Researchers from University of North Carolina Chapel Hill, the University of Copenhagen and other institutions conducted a meta-analysis examining 60 past genetic studies to see if physical activity could mitigate the effects a genetic predisposition to weight gain.
"Decline in daily physical activity is thought to be a key contributor to the global obesity epidemic," the authors wrote. However, they explained that genetic make-up may also play a role in weight gain for people who are not physically active.
They screened for 2.5 million genetic variants in 200,452 adults and also separated the subjects between those who were physically active -- about 77 percent -- and those who were physically inactive, about 23 percent. The researchers then looked at different markers that would indicate if a person was overweight including their body-mass index, waist circumference and hip-to-waist ratio.
They found those with a genetic variation that predisposed them to gain weight -- called an FTO gene -- had the ability counteract the effects that gene through exercise. By looking at the data they found that those with the FTO gene who were physically active were able to reduce the weight-gain effects associated with the gene by about 30 percent.
Dr. Goutham Rao, chairman of Family Medicine and Community Health at University Hospitals Cleveland Medical Center, said this type of research is key in helping patients better understand their weight and health.
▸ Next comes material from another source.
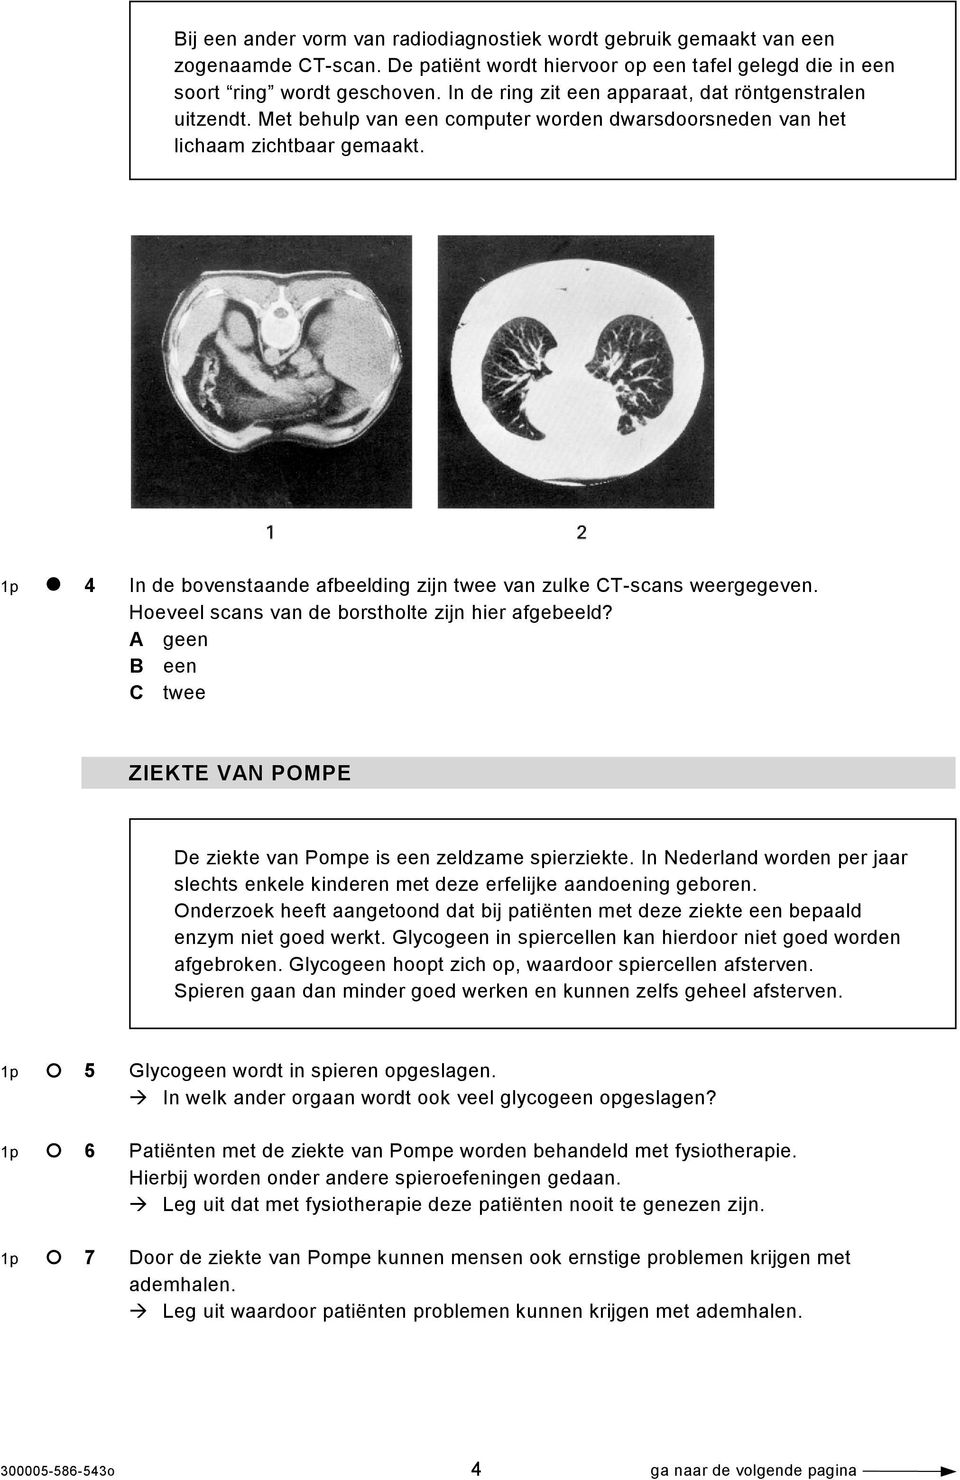 1p 4 In de bovenstaande afbeelding zijn twee van zulke CT-scans weergegeven. Hoeveel scans van de borstholte zijn hier afgebeeld?

"Despite that sort of bad luck of having a genetic predisposition to obesity if you are physically active ... you're not going to reduce risk of obesity entirely but you reduce it significantly," Rao said.
The mechanism that leads to people with FTO to be predisposed to gain weight is still not fully understood, but Rao said it's key to give people encouragement that taking healthy steps has an effect even if they haven't reached their goal weight.
"The message is to be sympathetic," Rao said. Explaining he tells frustrated patients, "if you weren't doing your best you would weigh a lot more and be much less healthy."
Dr. Kevin Niswender, associate professor of medicine, molecular physiology and biophysics at Vanderbilt University Medical Center, said the study took on the "really interesting question" of if people can counteract their genetics through their lifestyle.
"This study definitively confirms that lifestyle has an impact," he said.
During their research the team also discovered 11 new genetic variants that likely predispose a person to weight gain and they said more may be found through similar studies.
"In future studies, accounting for physical activity and other important lifestyle factors could boost the search for new obesity genes," said Mariaelisa Graff of the University of North Carolina at Chapel Hill, the lead author of the study. "To identify more genes whose effects are either dampened or amplified by physical activity, we need to carry out larger studies with more accurate measurement of physical levels."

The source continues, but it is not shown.